Abstract: : Purpose: Identify K influx pathways [Na/K pump, Na–K–2Cl cotransport (NKCC) and K–Cl cotransport (KCC)], their regulation and KCC isoforms in human lens epithelial cells. Methods: Major K influx pathways and their response to N–ethylmaleimide (NEM) and protein kinase and phosphatase inhibitors characterized in human lens epithelial B3 (HLEB3) cells with Rb as K congener. Reverse transcriptase polymerase chain reaction (RTPCR), Western blots and immunofluorescence identify KCC isoforms in HLEB3 cells and human lens tissue from cataract patients. Results: Ouabain (0.1 mM) and bumetanide (0.5 µM) discriminated between the Na/K pump (∼35% of total Rb influx) and NKCC (∼50%). Cl–replacement with nitrate or sulfamate detected residual [ouabain+bumetanide]–insensitive KCC (∼15%).

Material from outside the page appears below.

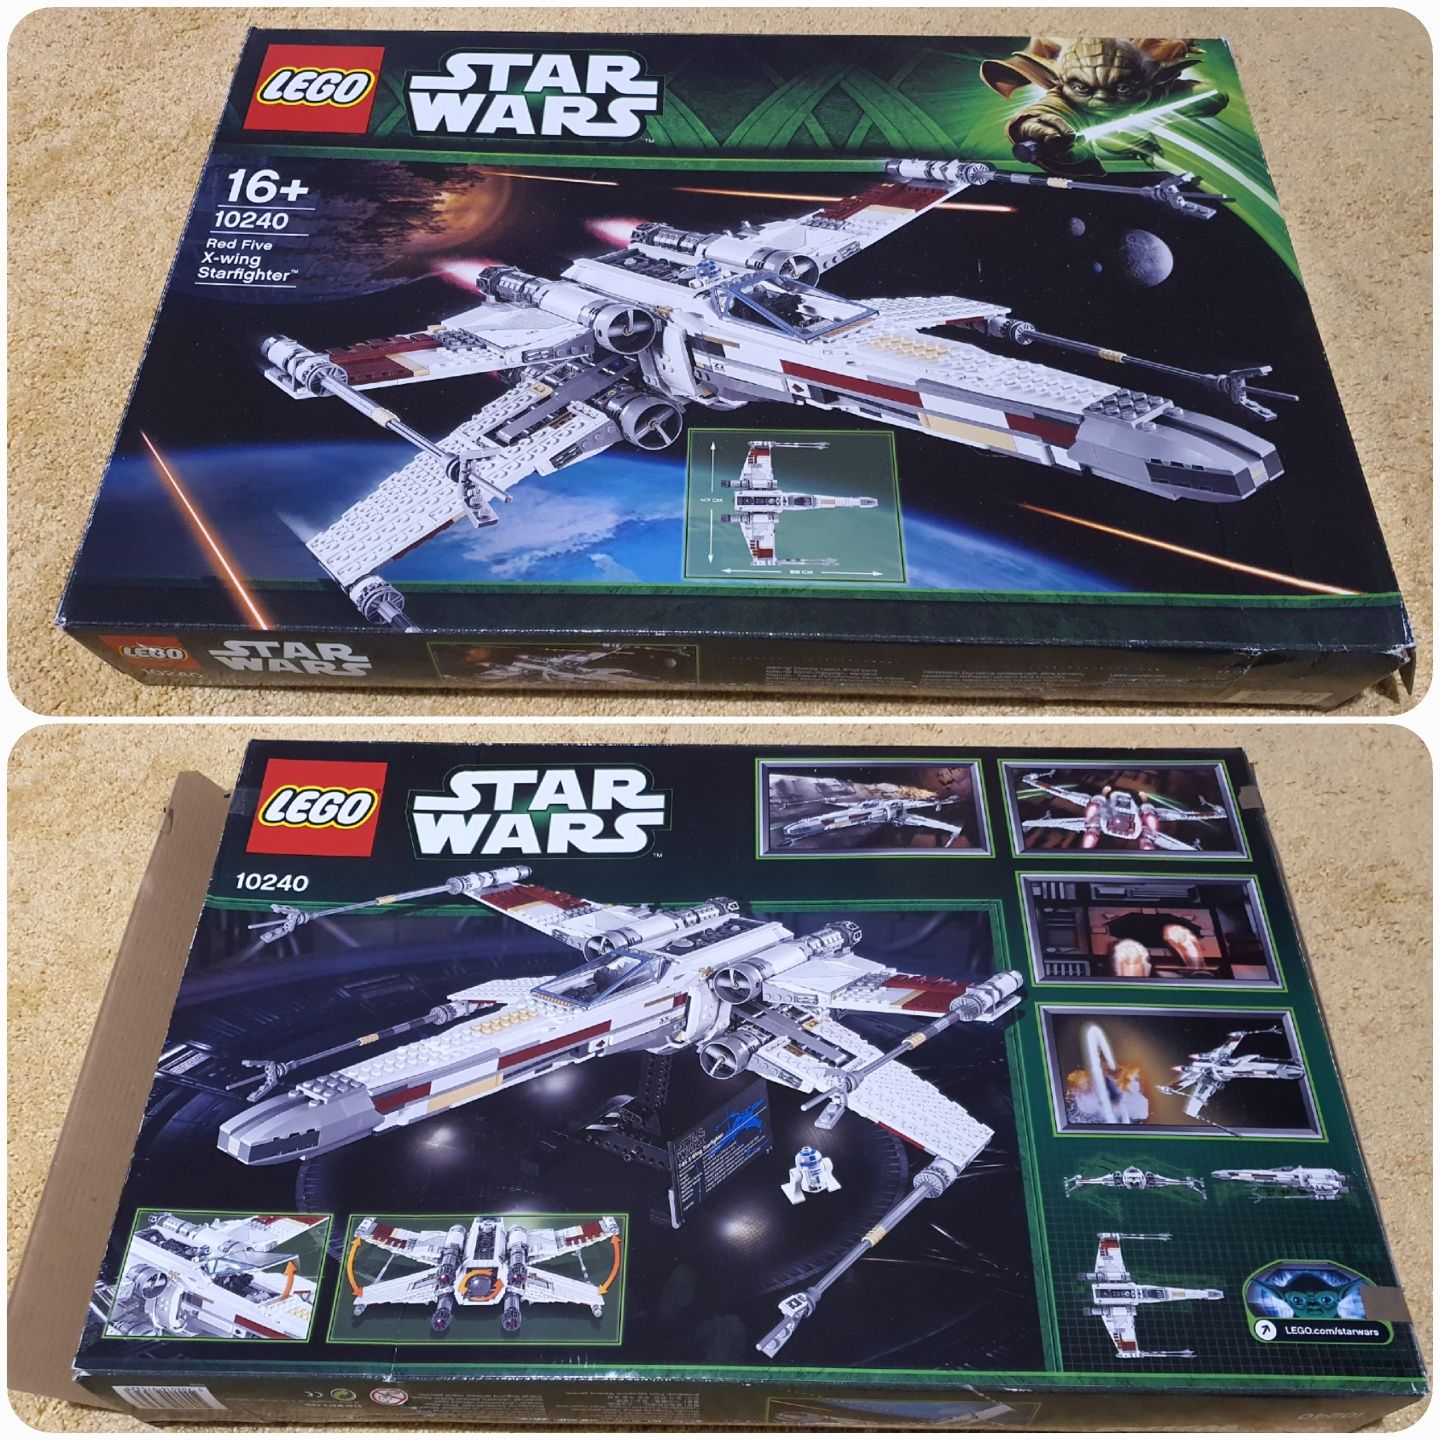 Lego Star Wars 10240 X-Wing Starfighter Red Five komplett!

At 0.3–0.5 mM, NEM stimulated Na/K pump two–fold (independent of external Na) and KCC up to four–fold and inhibited NKCC by ∼90%. Calyculin–A, a serine/threonine (S/T) protein phosphatase 1 inhibitor, slightly stimulated NKCC and inhibited KCC, whereas the S/T kinase inhibitor staurosporine abolished NKCC and stimulated KCC (the latter only when followed by NEM treatment). The tyrosine (Y)–kinase inhibitor genistein activated Na/K pump at >0.1 mM and abolished NKCC but did not affect KCC, whereas PP2, a tyrosine (Y)–phosphatase inhibitor, stimulated NKCC. RT–PCR revealed predicted cDNA fragments (base pairs) of KCC1 (233), KCC3a (250), KCC3b (409) and KCC4 (556) and absence of KCC2 in both HLEB3 cells and human lens tissue. Western blots with KCC1– and KCC3–specific antibodies showed expression of both isoforms in HLEB3 cells with molecular weights in predicted ranges. These antibodies and Cy3–labeled anti–IgG showed membrane immunofluorescence of both KCC1 and KCC3 contrasted with cytoplasmic staining of ß–crystallin with rabbit anti–bovine ß–crystallin antibody.Conclusions:Data suggest inverse functional regulation of NKCC and KCC by signaling cascades involving S/T– and Y– phosphorylation/dephosphorylation equilibria. Evidence for at least 3 KCC isoforms in both cultured HLEB3 cells and human lens tissue is presented. High susceptibility of thiols within these membrane transport mechanisms may play a role in UV–light–elicited photo–oxidation with consequences such as apoptosis and cataract formation

Keywords: ion transporters • signal transduction • apoptosis/cell death 
© 2005, The Association for Research in Vision and Ophthalmology, Inc., all rights reserved. Permission to republish any abstract or part of an abstract in any form must be obtained in writing from the ARVO Office prior to publication.
Copyright © 2025 Association for Research in Vision and Ophthalmology.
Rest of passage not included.